The prevalence of obesity and type 2 diabetes (T2D) have become major health problems worldwide [1, 2]. With the increasing number of obese individuals associated with the aging of population, the prevalence of T2D and other associated complications is increasing at an unexpected rate. However, there is still no curative pharmacological treatment for obesity and type 2 diabetes.

Crocin is a water-soluble carotenoid compound and a main active constituent found in the stigmas of Crocus sativus, commonly known as saffron [3, 4]. Crocin was used flavoring and coloring agent in food manufacture [5]. Crocin has been found to possess multiple pharmacological effects, including antioxidant, antihyperlipidemic, anti-inflammatory, anticancer, antiarthritic, hepatoprotective, and cardioprotective effects [6–8]. Our and other laboratory’s findings show that crocin alleviates obesity and type 2 diabetes-related complications [9–13]. We have found that crocin activates AMP-activated protein kinase (AMPK) signaling and inhibition of AMPK significantly suppresses crocin-induced protective effects against metabolic disorders [9, 10]. However, the causal role of AMPK activation in the biological role of crocin is still not verified, and the AMPK-associated downstream signaling pathway mediating the beneficial effect of crocin is still not known.

Peroxisome proliferator-activated receptor gamma (PPARγ) is a pivotal nuclear receptor and transcription factor that plays substantial roles in the regulation of glucose and lipid metabolism through the regulation of gene expression [14, 15]. The chemical ligands have been developed into therapeutic drugs for the treatment of type 2 diabetes. In addition to the ligand activation, PPARγ can also be regulated through diverse posttranslational modifications [16]. In recent years, it has been found that PPARγ serine 245 (or S273 in PPARγ isoform 2) can be phosphorylated by cyclin-dependent kinase 5 (CDK5), and this posttranslational modification is related with insulin resistance in obese individuals [17]. However, no evidence has shown whether crocin could regulate CDK5/PPARγ signaling.
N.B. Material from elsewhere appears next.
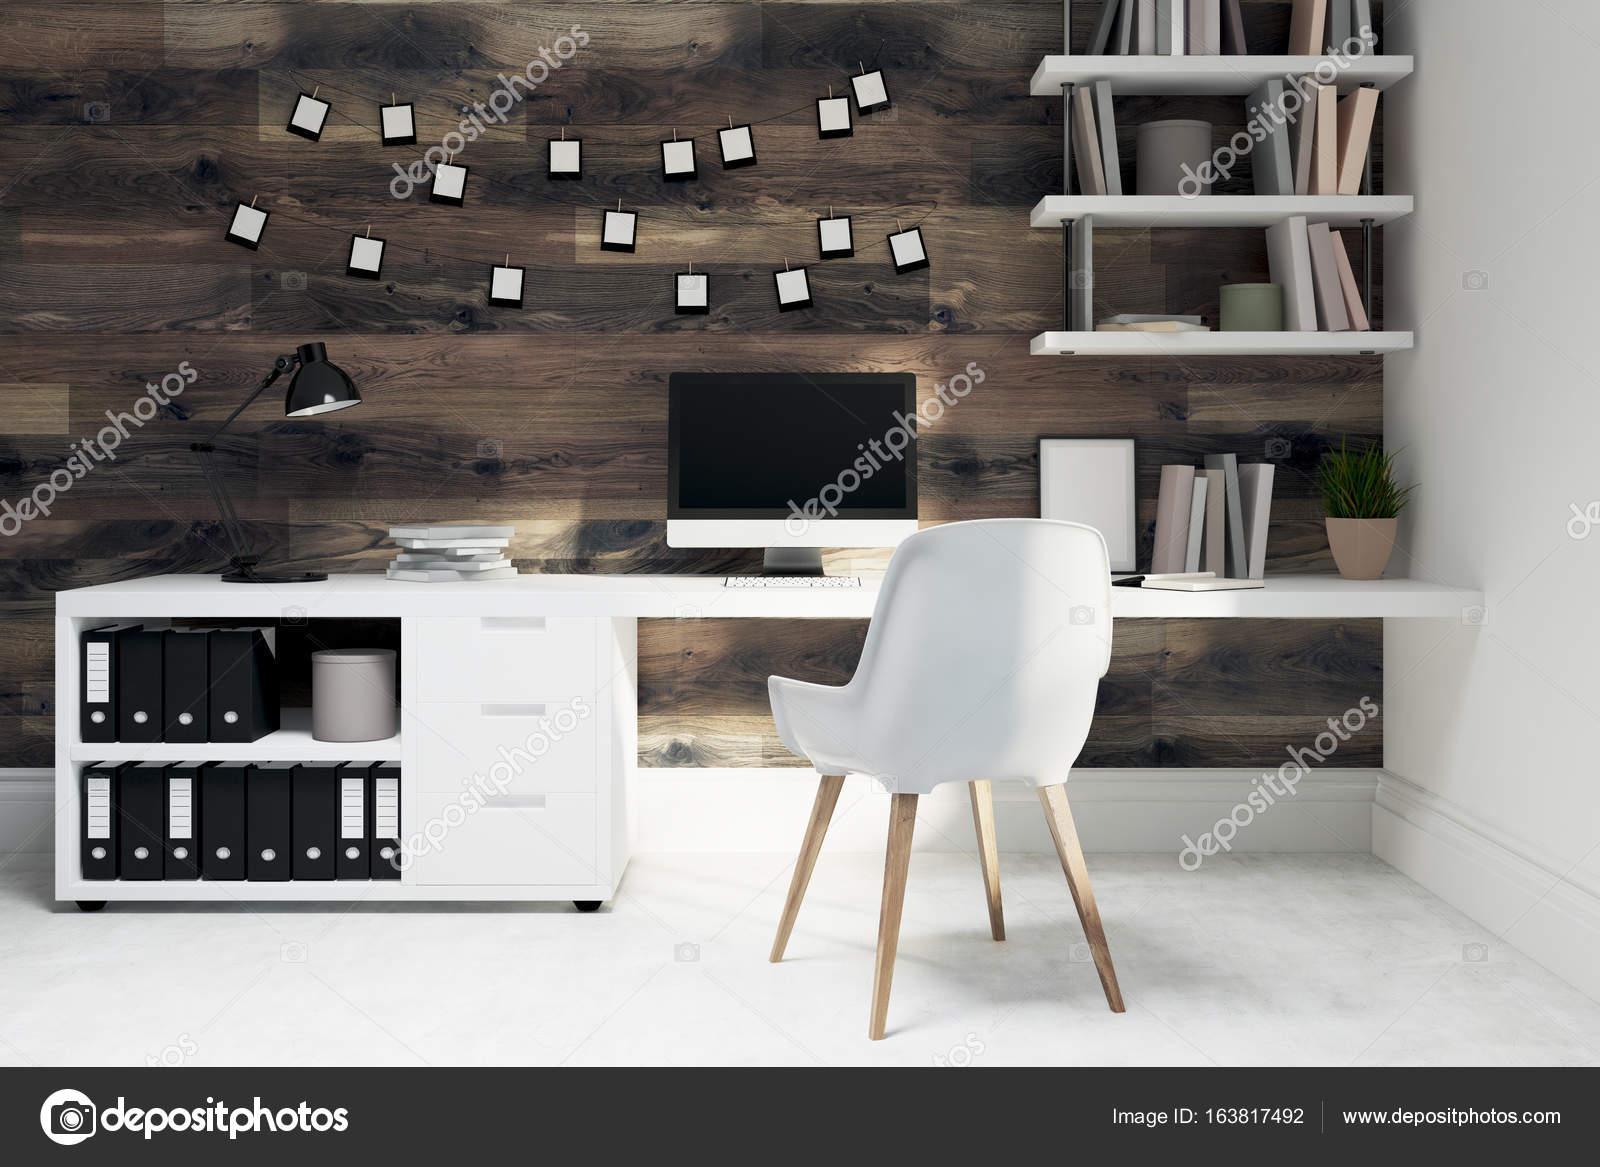 Chaise de bureau maison en bois foncé blanc u photographie

In the present study, we designed experiments to evaluate the causal role of AMPK in the protective effects of crocin against metabolic disorders and to investigate the possible effects of crocin on CDK5/PPARγ signaling.

2. Materials and Methods

2.1. Animal Experiments

All animal experiments were approved by the Institutional Animal Care and Use Committee of Union Hospital, Tongji Medical College, Huazhong University of Science and Technology and were conducted in accordance with ARRIVE and NIH guidelines for animal welfare. Male mice with global knockout of AMPKα2 gene (AMPKα2-KO) were purchased from The Jackson Laboratory (Bar Harbor, Maine, USA). Wild-type (WT) mice with C57BL/6 J background were used as control.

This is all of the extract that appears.